Похоже, ваша основная проблема в том, что ваш оператор try / catch в настоящее время останавливает выполнение при первой обнаруженной ошибке. Чтобы продолжить выдавать файлы при возникновении ошибки, вам нужно поместить ваш try/catch
дальше в цикл for, то есть вы можете обернуть менеджер контекста with open
.
Обратите также внимание, что в Python одеяло try/catch
считается анти-шаблоном, поэтому обычно вам нужно явно отлавливать и обрабатывать ошибки вместо использования общего назначения Exception
. Я включил более явные IOerror
и OSError
в качестве примеров.
Наконец, поскольку вы можете отлавливать ошибки в самом генераторе, функция nlp.pipe
больше не нуждается в параметре as_tuple
.
from pathlib import Path
import spacy
def grab_files(path):
for path in Path(path).rglob('*'):
if path.is_file():
try:
with open(str(path), 'r', encoding='utf-8', errors='ignore') as f:
yield f.read()
except (OSError, IOError) as err:
print(f'ERROR: {path}', err)
nlp = spacy.load('en')
for doc in nlp.pipe(grab_files('C:/Temp/tmp/'), batch_size=1000):
print(doc) # ... do something with spacy Doc here
* Редактировать - чтобы ответить на дополнительный вопрос.

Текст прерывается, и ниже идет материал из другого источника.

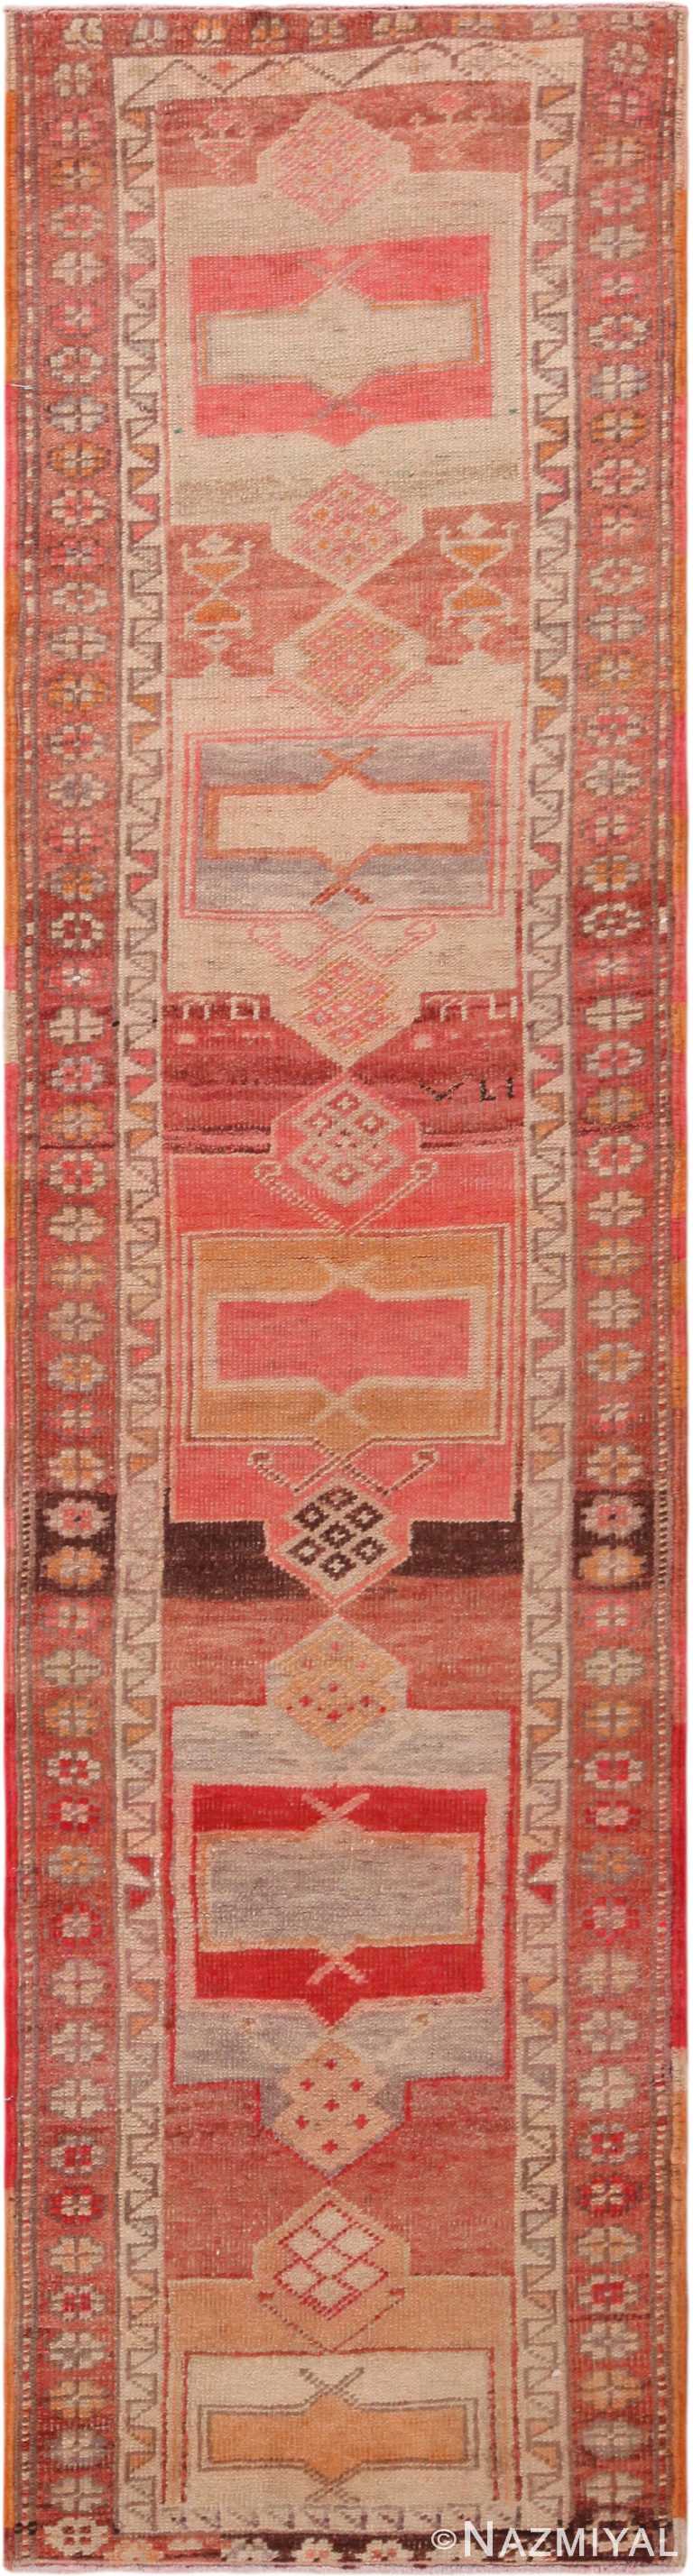 Antique Persian Kurdish Runner Rug 72154 by Nazmiyal Antique Rugs
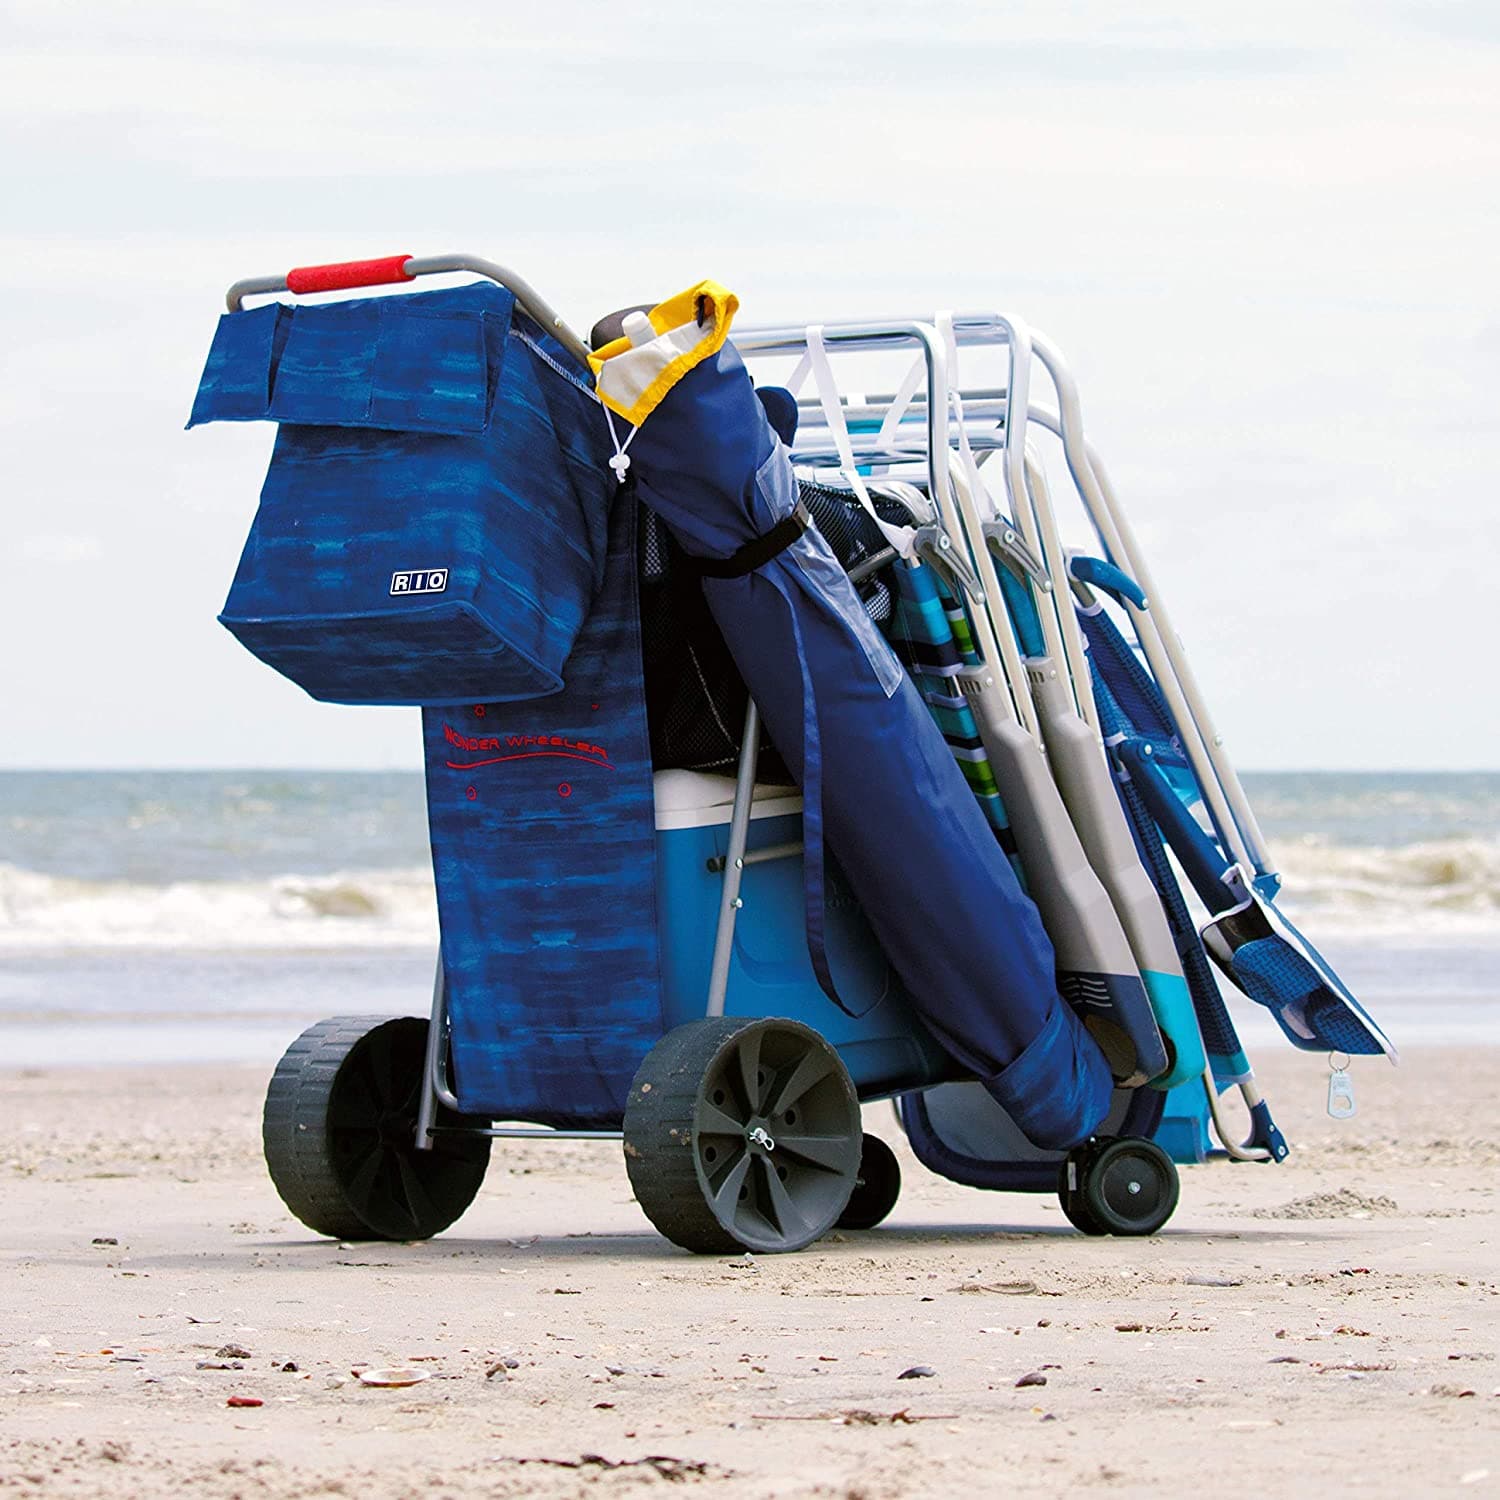 Rio Brands Beach Wonder Wheeler Deluxe Beach Utility Foldable Cart - Senior.com Beach Cart

Обратите внимание, что вы по-прежнему читаете содержимое текстовых документов по одному, как если бы вы работали без генератора, однако выполнение этого с помощью генератора возвращает объект, который задерживает выполнение до тех пор, пока вы не передадите его в nlp.pipe
метод. Затем SpaCy обрабатывает одну партию текстовых документов одновременно с помощью своей внутренней функции util.minibatch
. Эта функция оканчивается на yield list(batch)
, который выполняет код, который открывает / закрывает файлы (по 1000 в вашем случае). Что касается любых ошибок, не связанных с SpaCy, то есть ошибок, связанных с открытием / чтением файла, код, который я разместил, должен работать как есть.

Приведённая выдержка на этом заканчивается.